Exercise data:
>>>
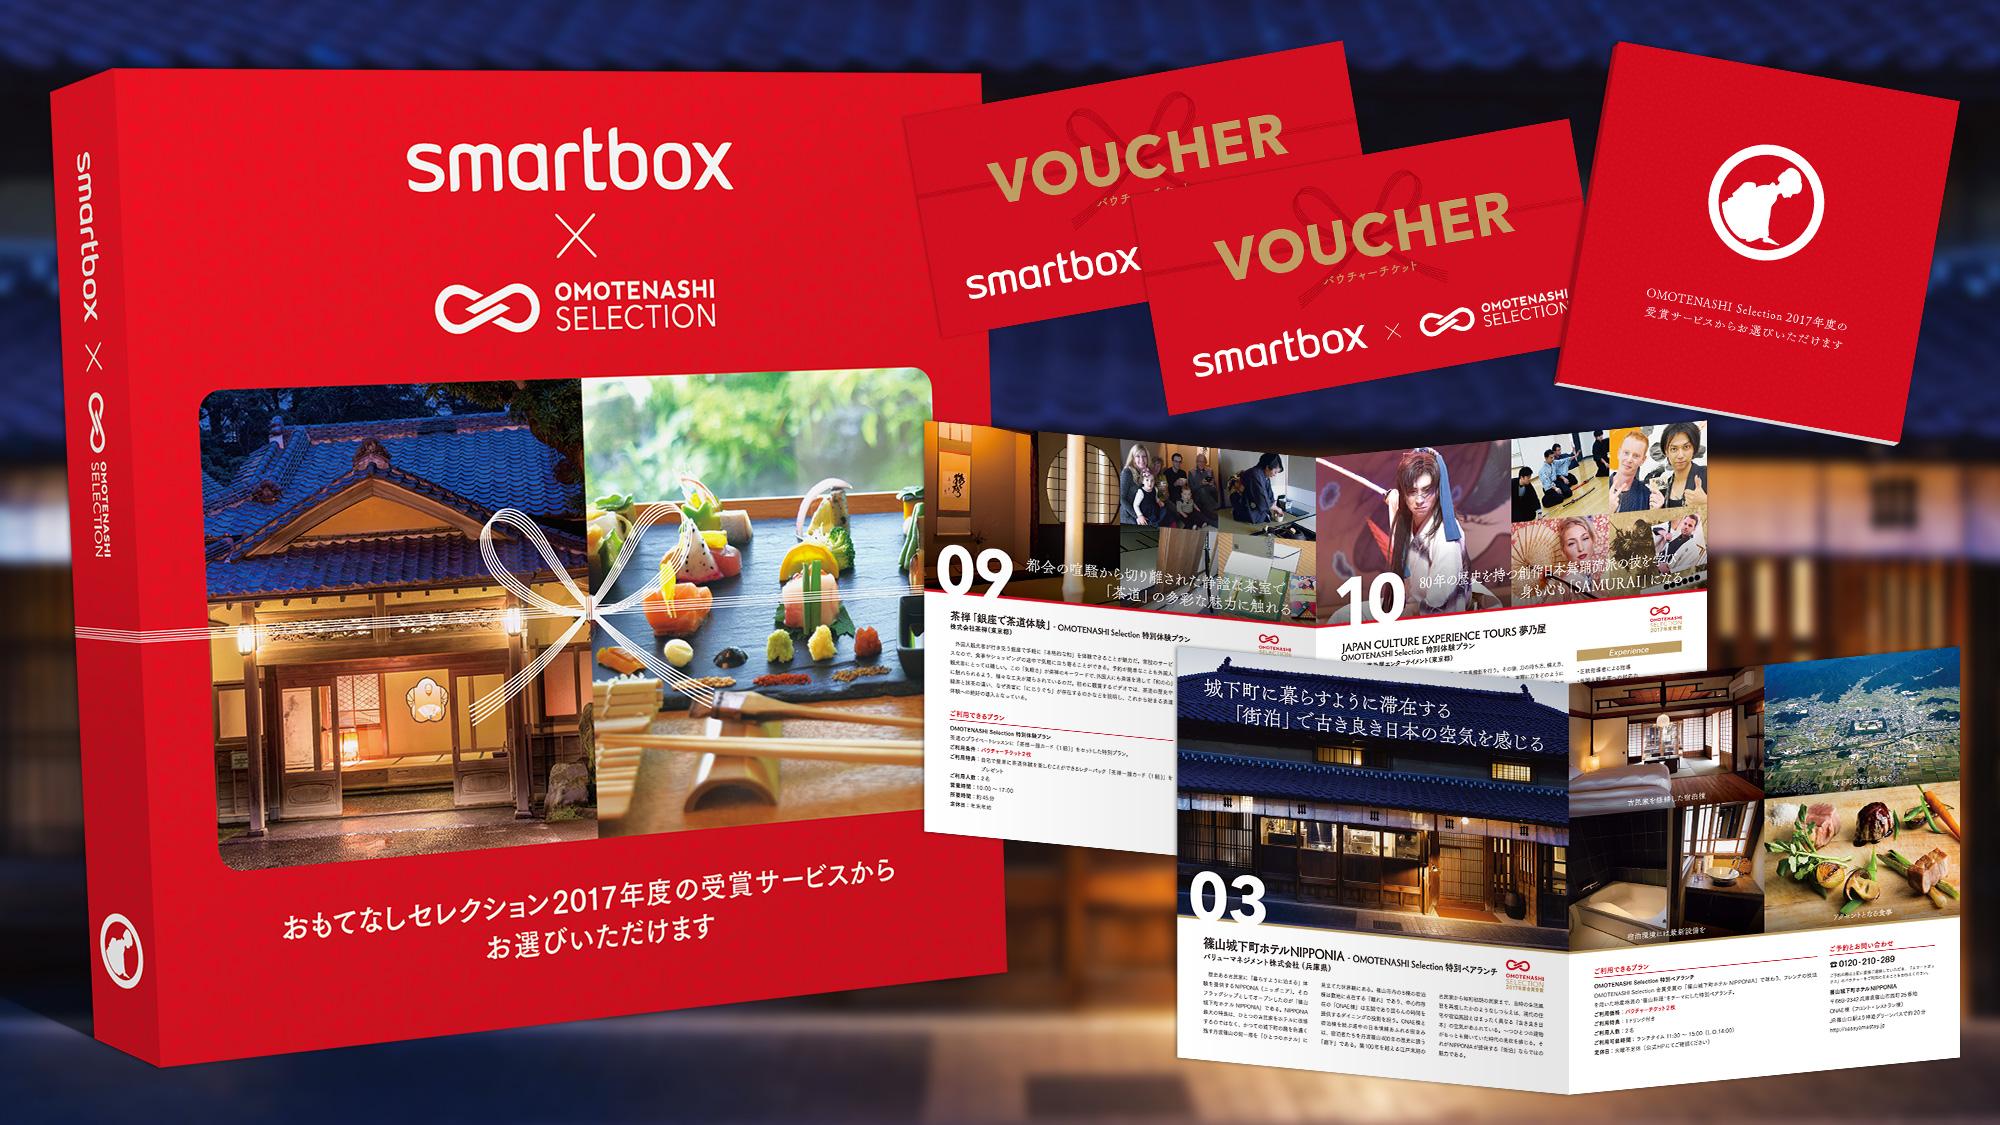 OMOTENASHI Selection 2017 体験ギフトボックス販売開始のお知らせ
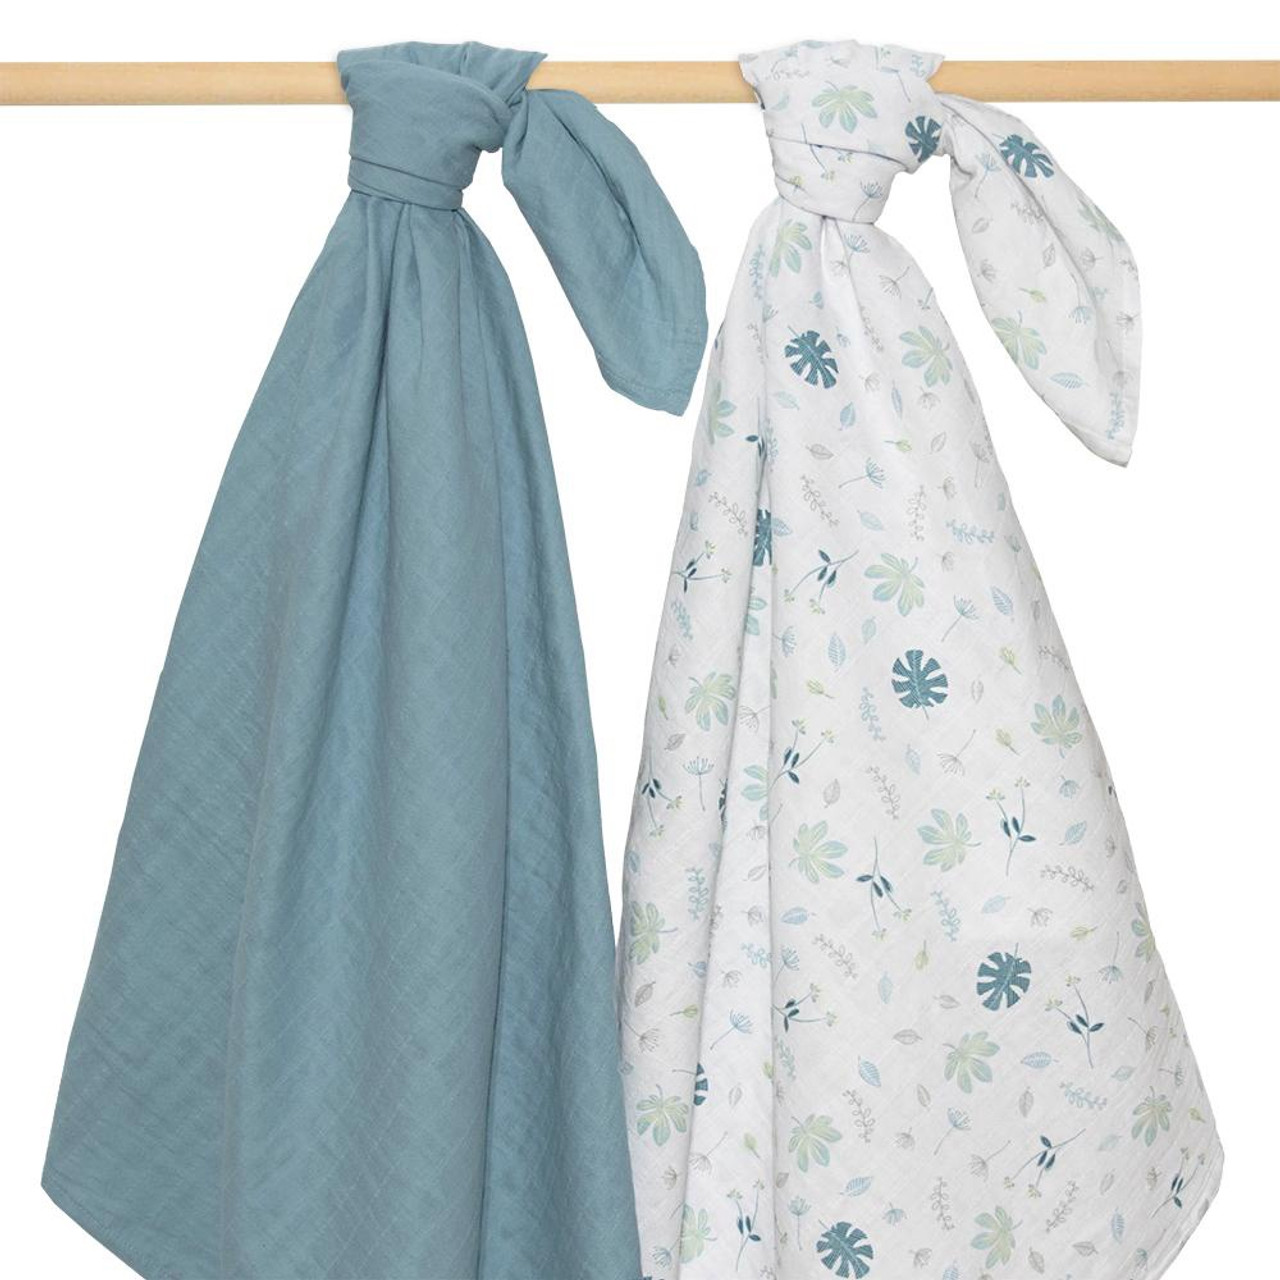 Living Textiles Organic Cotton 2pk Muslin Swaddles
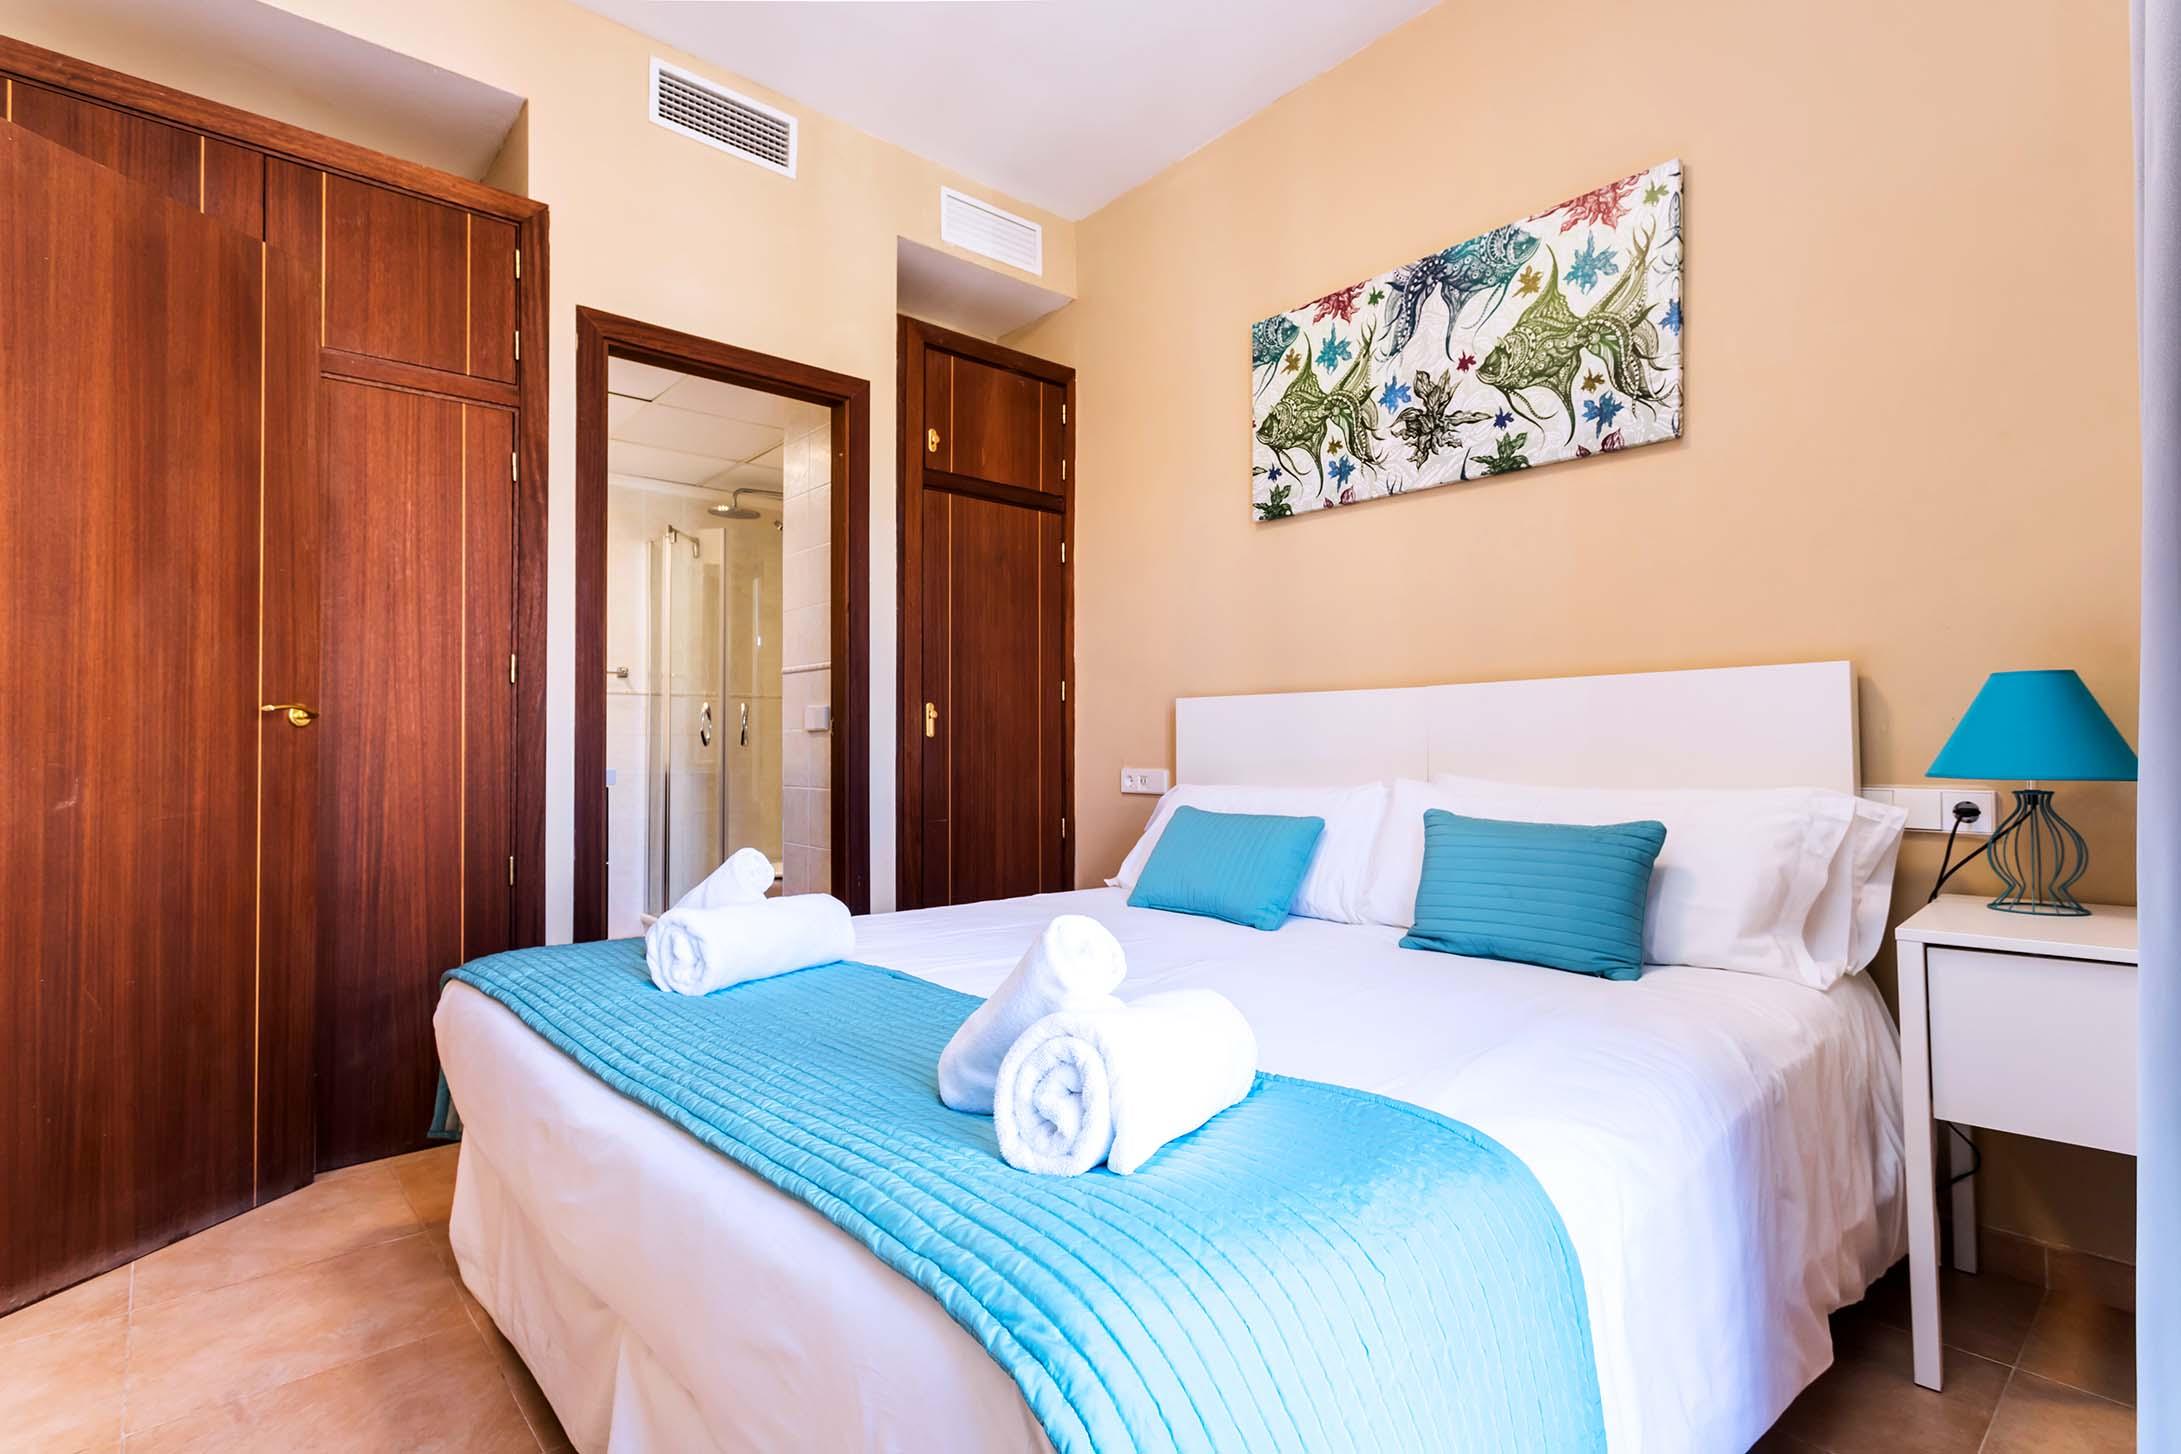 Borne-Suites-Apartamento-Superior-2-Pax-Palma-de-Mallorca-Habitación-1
<<<
Exercise brief: The material should be duplicated word for word, with no images included.

Solution below:
 OMOTENASHI Selection 2017 体験ギフトボックス販売開始のお知らせ
 Living Textiles Organic Cotton 2pk Muslin Swaddles
 Borne-Suites-Apartamento-Superior-2-Pax-Palma-de-Mallorca-Habitación-1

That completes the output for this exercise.